DocumentRoot "<%= ENV['OPENSHIFT_REPO_DIR'] %>"

Using the same gear ID as above this directory would resolve to:

DocumentRoot "/var/lib/openshift/511e1b1e500d451fb70003e8/app-root/runtime/repo"

This is where the exploded git repository ends up when a user issues a git push. It's also, therefore, where the template/ directory in our cartridge ends up. At least until the user makes a change to it.

There was also the matter of our IP address and port. We had initially picked 127.1.2.3 which is a loopback address. OpenShift uses loopback addresses for intranode communication. When a cartridge is installed on a gear, it must use one of the IP addresses allocated to that gear. An IP address will be assigned to each cartridge (if it is needed) via the manifest.yml file (more details below). That IP will be available in an environment variable and it's one we can reference in the template just as we did above with OPENSHIFT_REPO_DIR. So let's do that. Find:

Listen 127.1.2.3:8080

and replace it with

Listen <%= ENV['OPENSHIFT_HTTPD_IP']%>:<%=ENV['OPENSHIFT_HTTPD_PORT'] %>

The last bit before we move on is simply cleanup from our earlier tests. When the log dir was copied over it had logs in it. Let's clean that out.

rm -f logs/*
echo "Logs are stored here" >> logs/README

Cartridge Metadata

The cartridge metadata is how the cartridge describes itself to the rest of the system. It also has some handy files for controlling how the cartridge behaves. lock_files.txt was described earlier but let's look a bit closer. All of the files in locked_files.txt get created as part of the installation setup. Once setup is done, all of the files listed get owned as root. Any file created by the cartridge not listed in locked_files.txt remain owned by the user.

For example, we have a logs/ dir that we want the user to be able to write to. Httpd will run as the 'gear' user and it's certainly going to generate logs. The env/ dir, on the other hand, has information in it that we want to remain static. Thus, after the cartridge is done installing, it gets chowned as root and prevents further alterations.

The snapshot* files in metadata/ allow the cartridge writer to decide to ignore certain directories during the snapshot phase. This can be useful when creating a database cartridge. Perhaps you'd prefer the db dump be snapshotted instead of the raw db files. Remember a snapshot is more like a backup and will download files onto the users workstation (it's usually called from the command line tools)

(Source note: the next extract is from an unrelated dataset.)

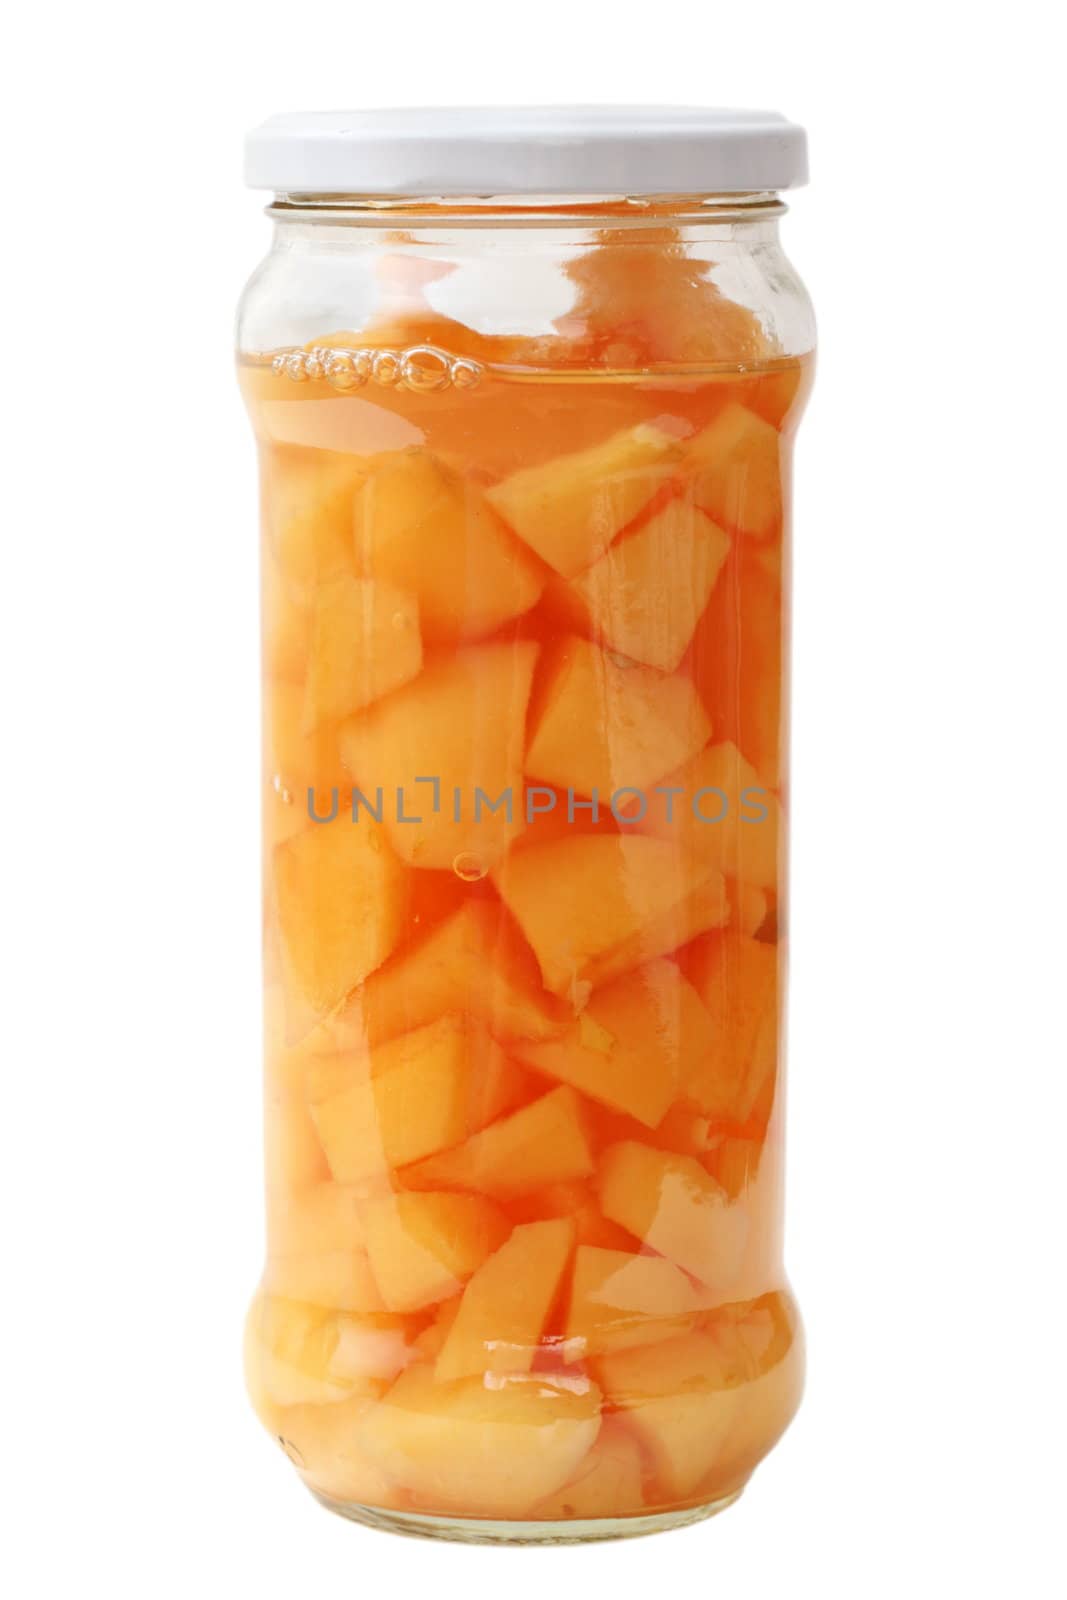 stewed fruits in a jar by taviphoto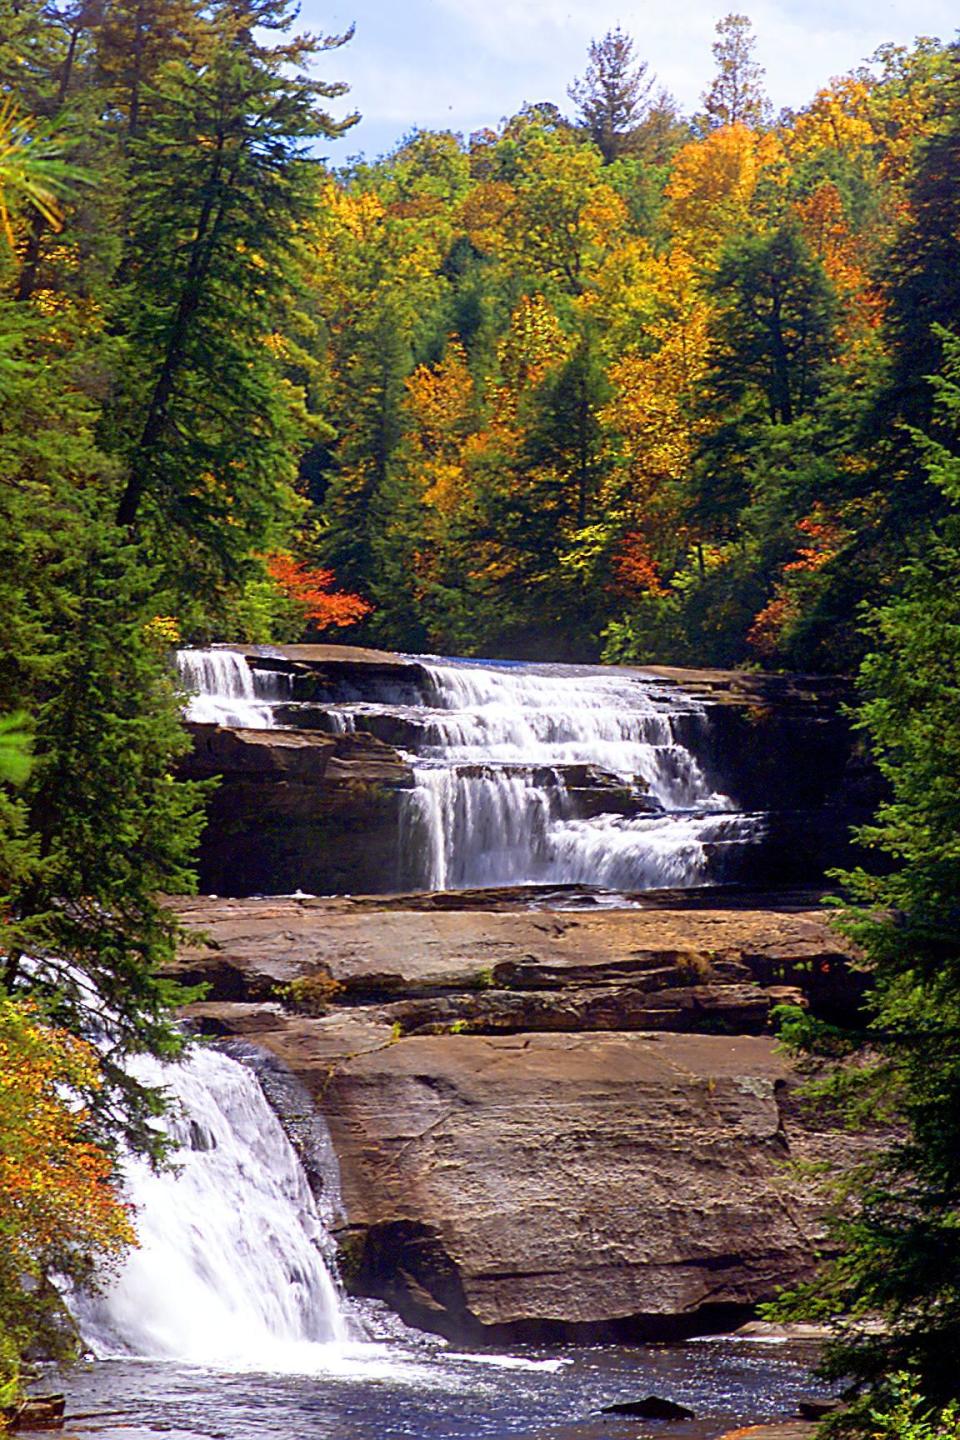 Triple Falls in DuPont State Forest was named one of the top fall hikes on AllTrails 2023 list for North Carolina.

The last and most complex part of the cartridge metadata is the manifest.yml. This file contains all the naming, version and connection hook information about the cartridge. You can dig deeper into the cartridge creation documentation for more information, but for now let's just edit the metadata/manifest.yml file and make it look like this:

Name: httpd
Cartridge-Short-Name: HTTPD
Display-Name: HTTPD Cartridge
Description: "A httpd cartridge for development use only."
Version: '0.1'
License: "None"
Vendor: Custom Cartridges Inc
Cartridge-Version: 0.0.1
Cartridge-Vendor: customcarts
Categories:
  - service
  - web_framework
Provides:
  - httpd
Cart-Data:
  - Key: OPENSHIFT_HTTPD_EXAMPLE
    Type: environment
    Description: "An example environment variable using ERB processing"
Group-Overrides:
  - components:
    - httpd
Subscribes:
  set-db-connection-info:
    Type: "NET_TCP:db:connection-info"
    Required: false
Endpoints:
  - Private-IP-Name:   IP
    Private-Port-Name: PORT
    Private-Port:      8080
    Public-Port-Name:  PROXY_PORT
    Mappings:
      - Frontend:      ""
        Backend:       ""
        Options:       { websocket: false }

managed_files.yml

The managed_files.yml file contains a list of files that OpenShift should manage. Previously some may have known this as locked_files.txt but that has been deprecated for managed_files.yml which has additional features built in to it. Locked files dictates what files get owned as root and therefore can not be altered by the user. processed_templates should be a list of erb files to process as part of installing the system. Recall we made httpd.conf.erb in part-2 of this series.

---
locked_files:
- env/
- env/*
processed_templates:
- '**/*.erb'

Creating your control script

The control script (found in bin/control) will look familiar to anyone who has written an init script before. It takes some of the expected arguments as well like start, stop, restart, status and reload. In OpenShift we have implemented a few other functions which I'll go over now:

  • tidy: tidy should be implemented to cause your script to make efforts to clean up disk space. It could, for example, remove temp files, or rotate and compress old logs. There are gear-level tidy commands as well; for example, a git garbage collection (git gc) is done.
  • pre-build: When a user does a build, usually as part of a git push, pre-build gets run before the build
  • build: When a user does a build, the build script is called. This should attempt to auto-resolve deps, update cache, build the user's code, possibly even run tests, etc.
  • deploy: This is part of the deploy phase and should be run whenever the application is deployed (which would typically happen after it is built)
  • post-deploy: This script would typically be called after the application is deployed but before it is started.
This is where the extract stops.